Bar seating is not documented in Ba's available venue data. The dining room is described as an intimate space with individual table settings, which suggests the experience is structured around table service. check the venue's official channels via the address at Via Raffaello Sanzio, 22 to confirm seating options before arriving with bar dining in mind.
At €€€, Ba is priced in the same bracket as Milan's mid-to-upper Italian fine dining tier, which makes the value case rest entirely on how much you want modern Chinese cooking done at that level. The Michelin Plate recognition (2024) confirms the kitchen meets a documented quality threshold. If you are comparing it to a neighbourhood Chinese meal, the price gap is hard to justify; if you are choosing between Ba and a comparably priced Italian restaurant in Milan, Ba offers a genuinely different format that the city's restaurant scene does not replicate often.

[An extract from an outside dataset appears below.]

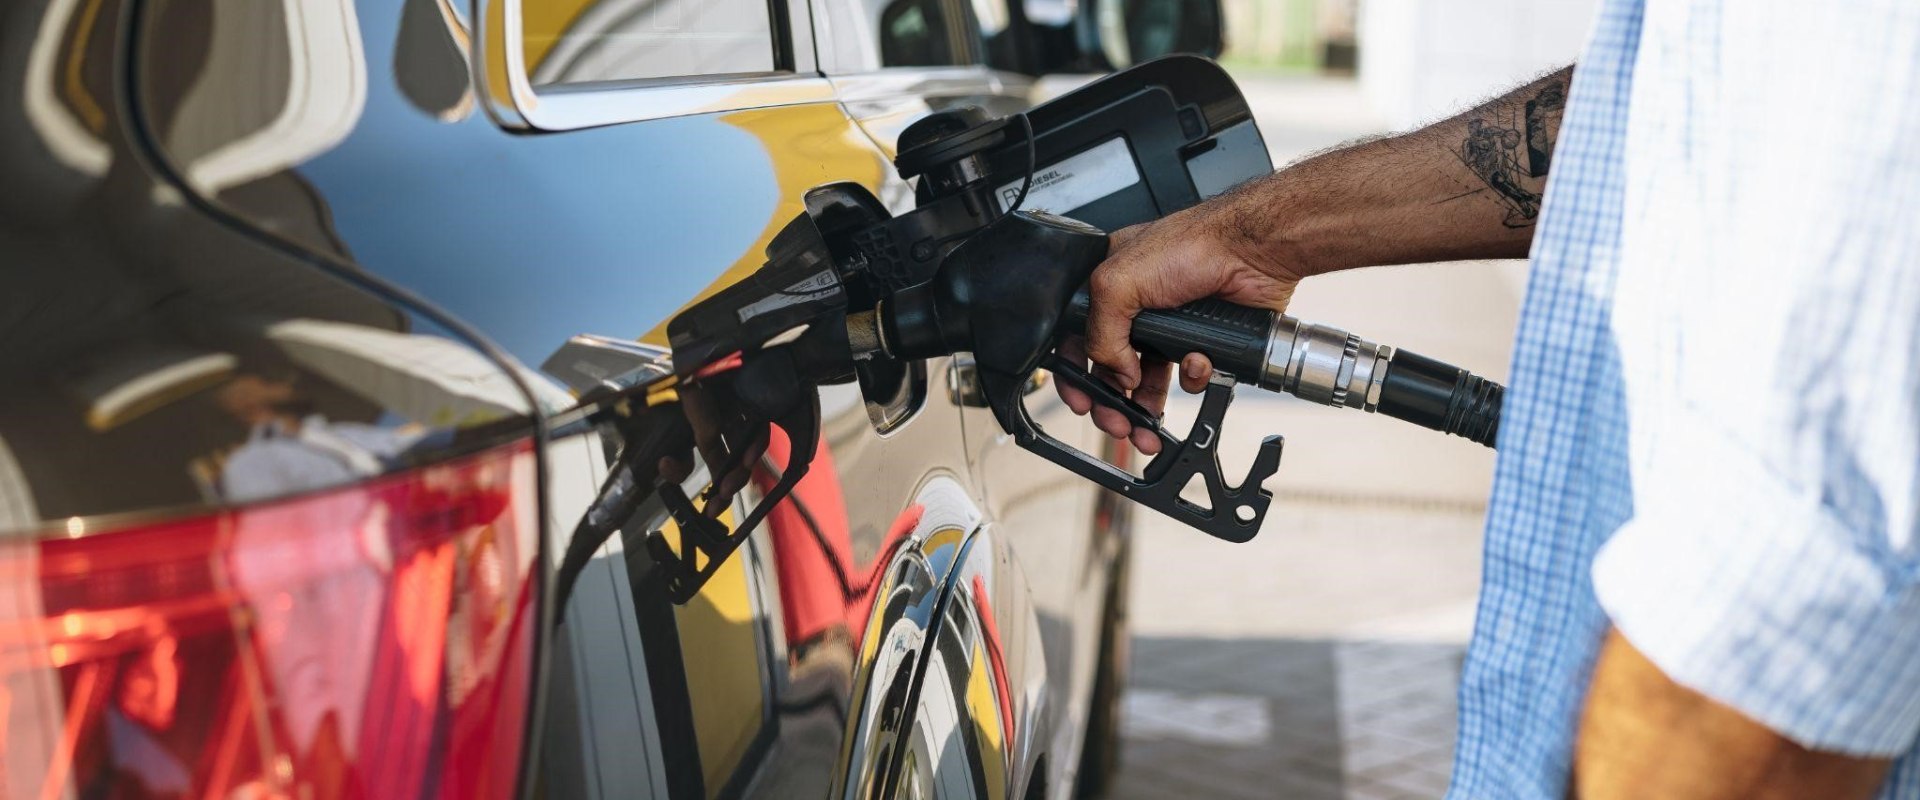 Understanding Fuel Tank Requirements for Vehicles

If you want Michelin-level cooking in Milan but prefer Italian cuisine, Seta and Andrea Aprea both operate at a comparable or higher price point with stronger tasting menu credentials. Horto is the choice if you want a more modern, produce-led format at similar prices. Cracco in Galleria and Enrico Bartolini sit at the higher end of the Milan fine dining spectrum and suit occasions where the full Italian fine dining experience is the point. Ba is the only option in this peer group for modern Chinese at this price tier in the city.
Keep this venue in your Pearl passport, rate it after you visit, and track it alongside every other place you collect.